Deplorabilmente, insomma, la logica premiale è dilagata ben al di là del suo alveo emergenziale originario relativo alle emergenze mafiosa e terroristica. Questa tendenza peraltro non appare imputabile al solo legislatore: si pensi alla valorizzazione della condotta collaborativa ai fini della concessione delle attenuanti generiche tale da aver elevato questa norma a succedaneo di una attenuante generale per la collaborazione applicabile ai reati per cui siffatto incentivo non è normativamente previsto.

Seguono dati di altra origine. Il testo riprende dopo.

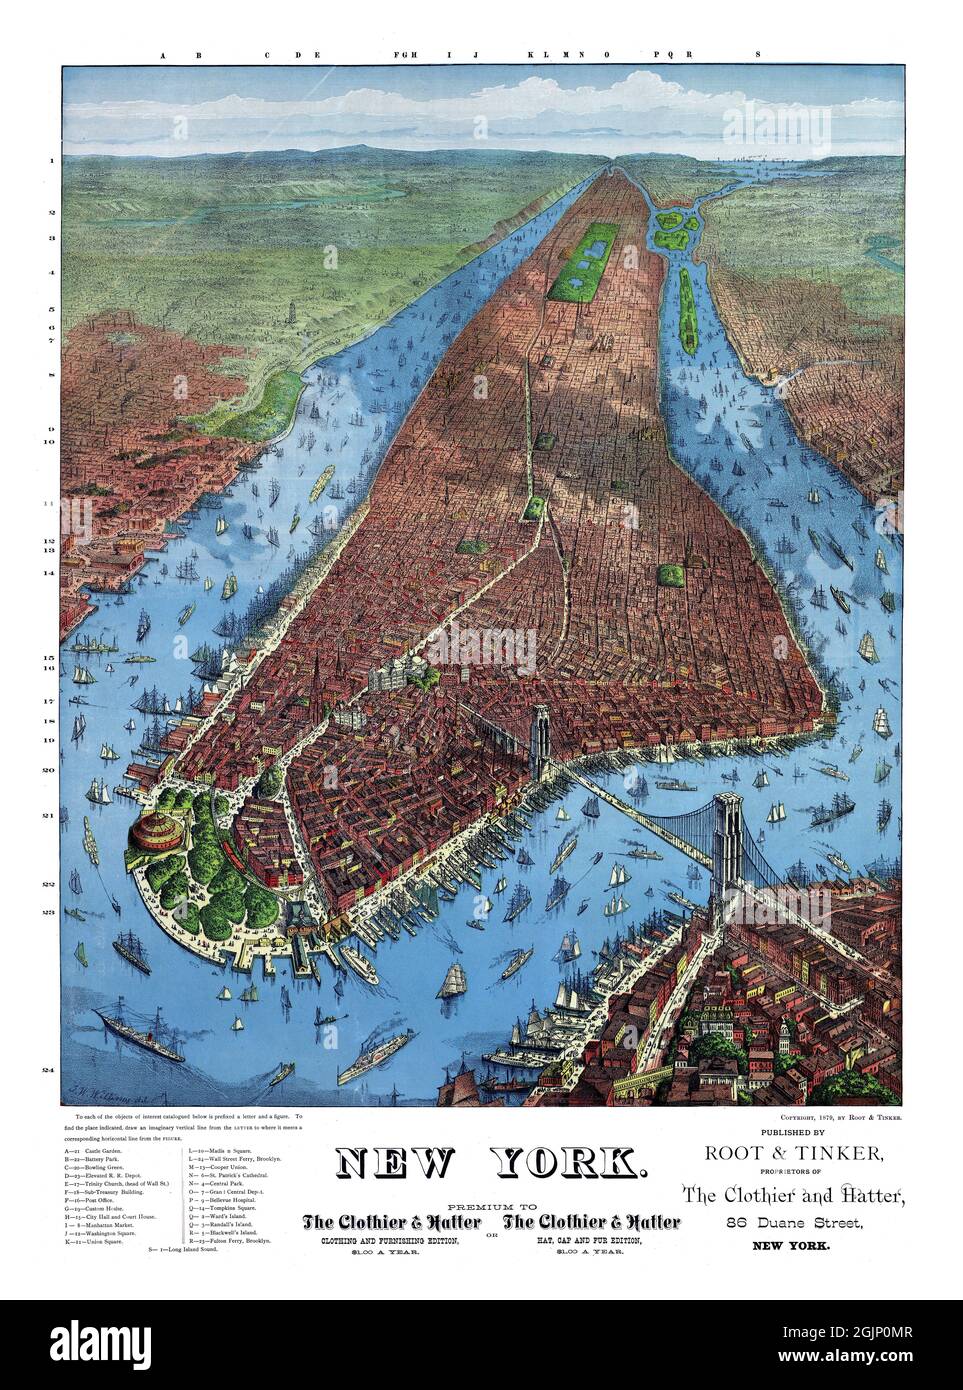 Perspektivische Karte von New York, nicht maßstabsgefaßt von J. W. Williams. Restauriertes Vintage-Poster, veröffentlicht von Root & Tinker, New York im Jahr 1879. Stockfoto

Come comporta il panorama normativo così sommariamente delineato ai fini del giudizio in corso avanti la nostra Corte costituzionale? Ad avviso dello scrivente, le accennate considerazioni non possono che tradursi in una pesante remora a un verdetto di incostituzionalità. Condannato l’ergastolo ostativo, la coerenza del sistema imporrebbe di portare alla sbarra non solo l’intero novero dei reati ostativi di cui al 4 bis (e in generale il meccanismo di condizionalità in esso delineato) ma più in generale tutte le ipotesi in cui la pena (minacciata o irrogata) diventa merce di scambio con la condotta collaborativa, conculcando i principi di proporzionalità e rieducazione della pena, nonché di uguaglianza tra i rei.

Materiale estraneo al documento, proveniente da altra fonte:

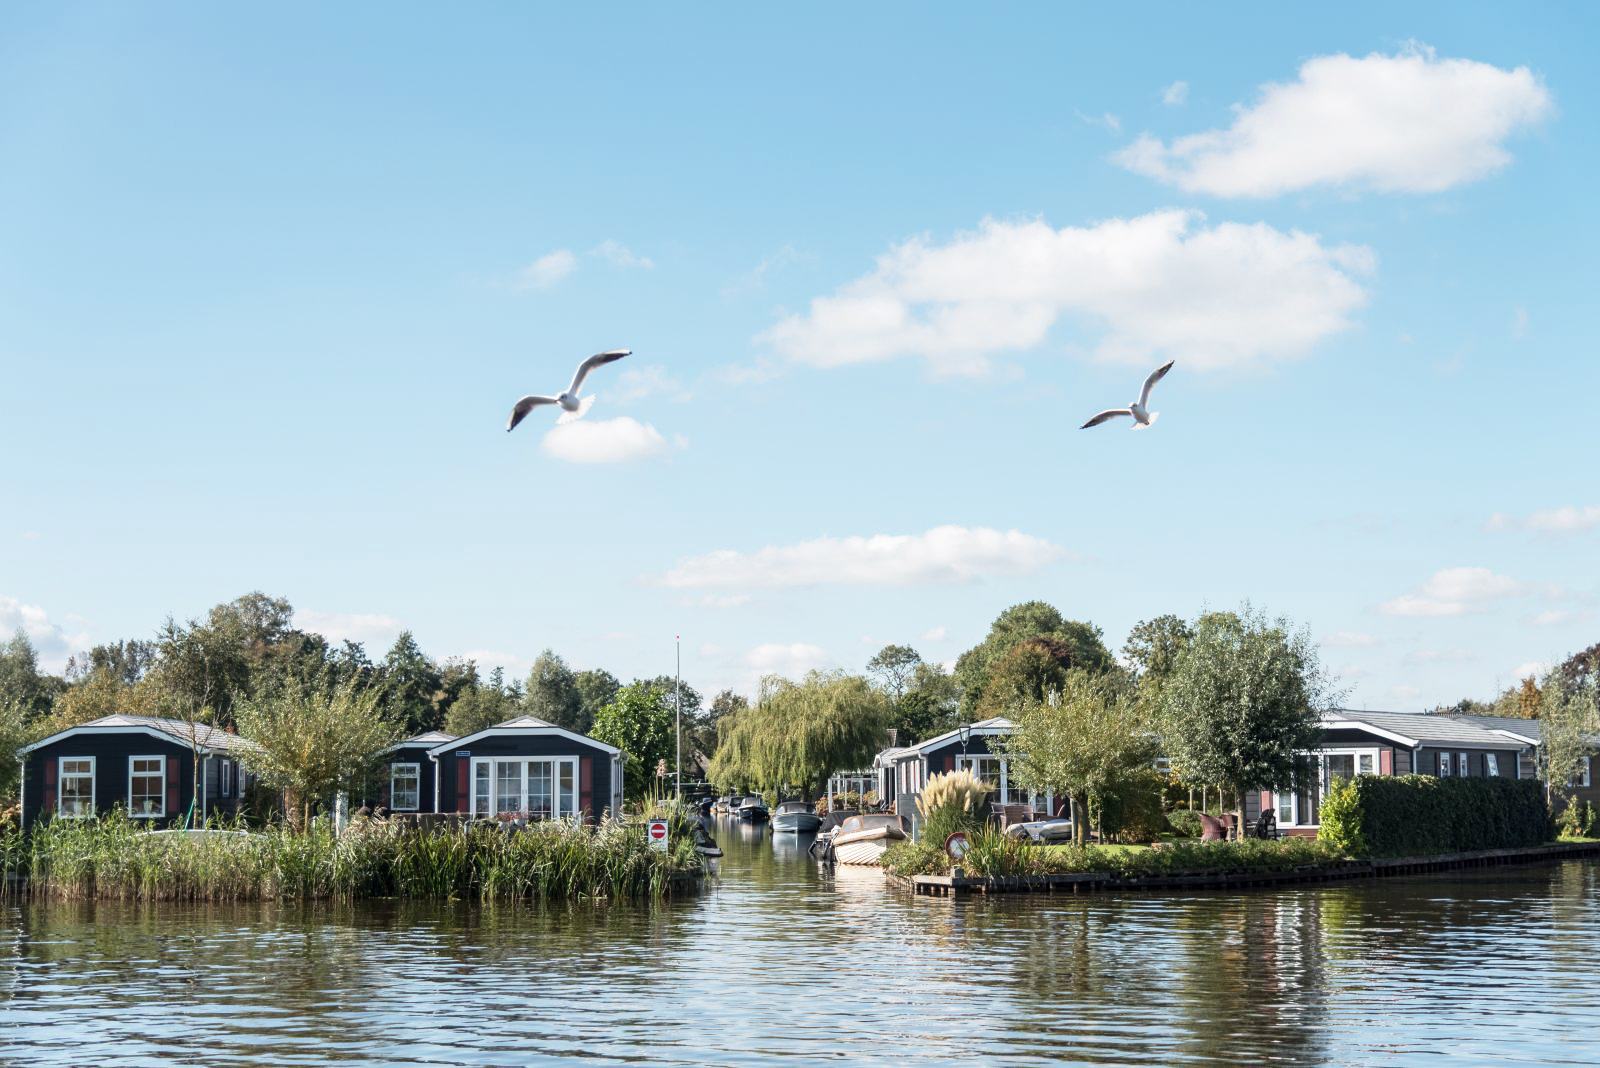 Holland von seiner schönsten Seite: Giethoorn in den Niederlanden

Da questo punto di vista, l’ergastolo ostativo appare (paradossalmente) come il bersaglio meno agevole per uno scrutinio stretto di costituzionalità sulle criticità del sistema premiale. Invero, i reati per cui la massima pena può assumere tale declinazione sono proprio quelli per cui è maggiormente plausibile la sostenibilità costituzionale del “premio” per la collaborazione, o meglio la tollerabilità della deroga che questo comporta alla ortodossa esplicitazione della funzione rieducativa della pena.

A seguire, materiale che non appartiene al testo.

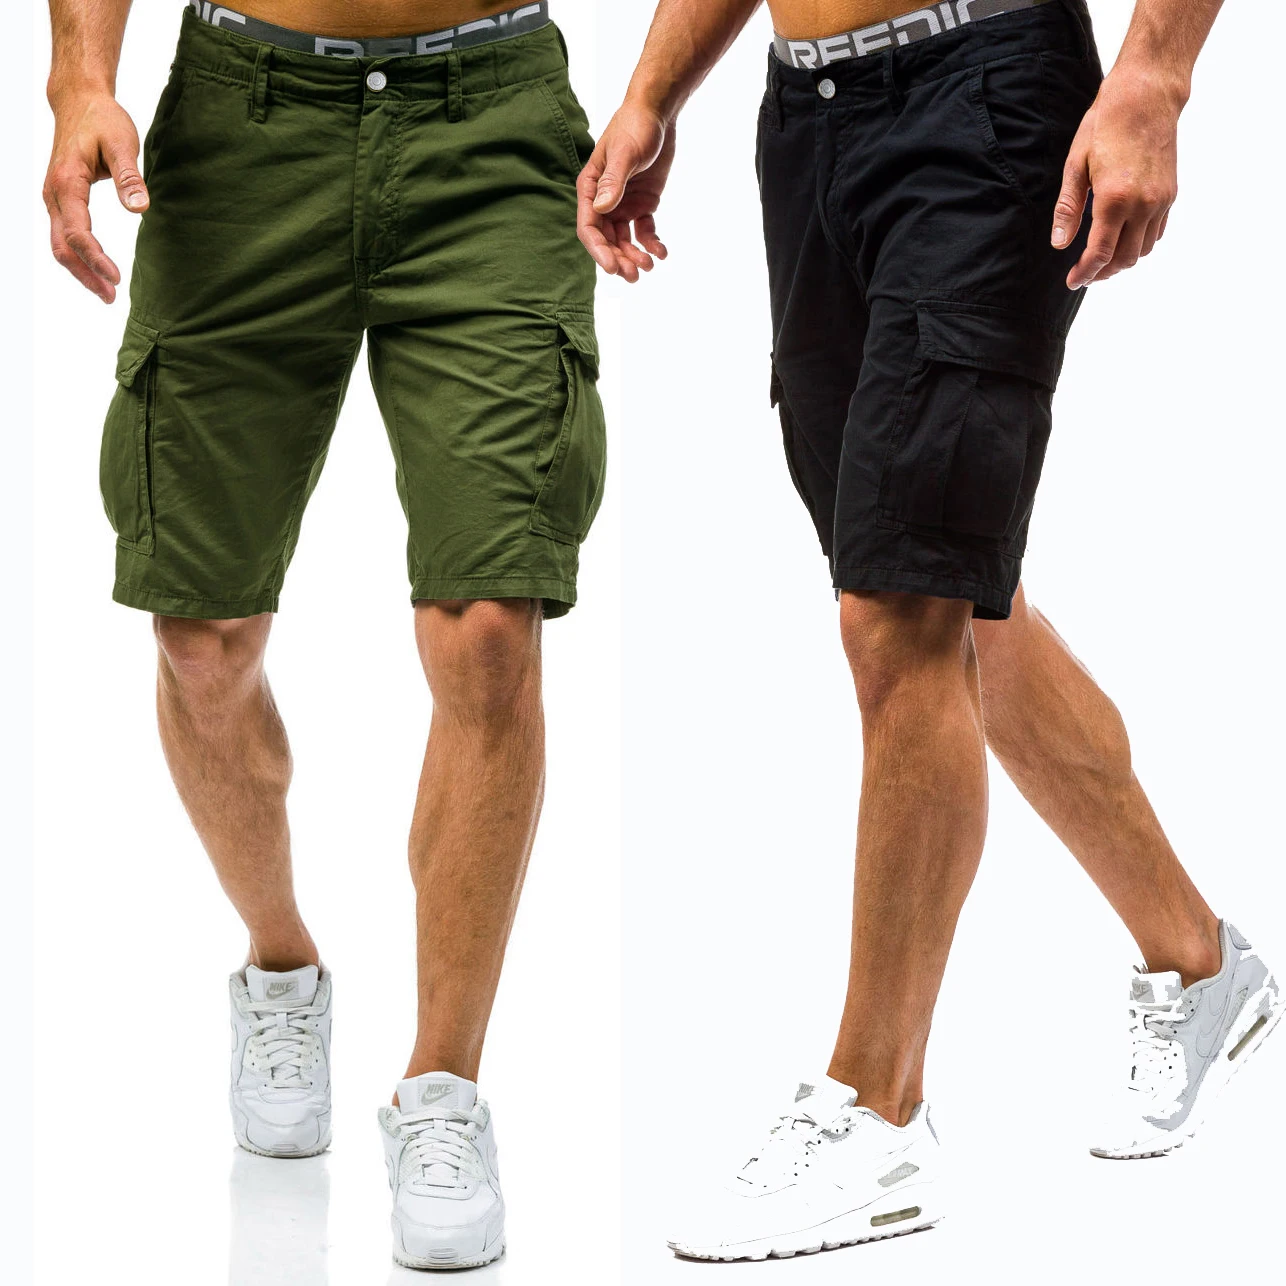 Новый 2018 Для мужчин шорты-карго Повседневное свободные короткие штаны камуфляж Военная Летний стиль по колено 2 цвета шорты Для мужчин

Non potrebbe allora che lasciare qualche perplessità assistere al recesso sia pur parziale della logica premiale (che è lo si ripete intrinsecamente distorsiva rispetto ai principi del diritto penale costituzionalmente orientato) rispetto alle forme di criminalità più pericolose e alla sua sopravvivenza ai piani bassi della gerarchia di disvalore dell’illecito. Almeno per i reati di mafia e terrorismo,

infatti, perlomeno sussiste un legame con ragioni emergenziali storiche il cui superamento appare questione tutt’altro che banale (sebbene costituisca lecito interrogativo). Più lineare sarebbe procedere in senso inverso, a una riduzione dell’area ormai ipertrofica delle disposizioni premiali alle sole categorie di illecito ragionevolmente omogenee con la sua natura di strumento emergenziale, e, perciò, eccezionale.

Non v’è dubbio che la soluzione più auspicabile per tale revisione sarebbe un “ravvedimento operoso” del legislatore che fermi l’ormai abnorme ricorso allo strumento premiale in ogni fase della pena. Trattandosi (come spesso sovente accade) di auspicio scarsamente realistico, si può forse riporre le speranze in una rinnovata attenzione sul tema da parte degli interpreti che si concreti in un dialogo proficuo con la Consulta. Nel quadro della razionalizzazione e ridimensionamento del sottosistema premiale, anche la controversa eccezionalità dell’ergastolo ostativo potrebbe forse trovare, in termini di sistema, un soddisfacente superamento in un futuro non remoto.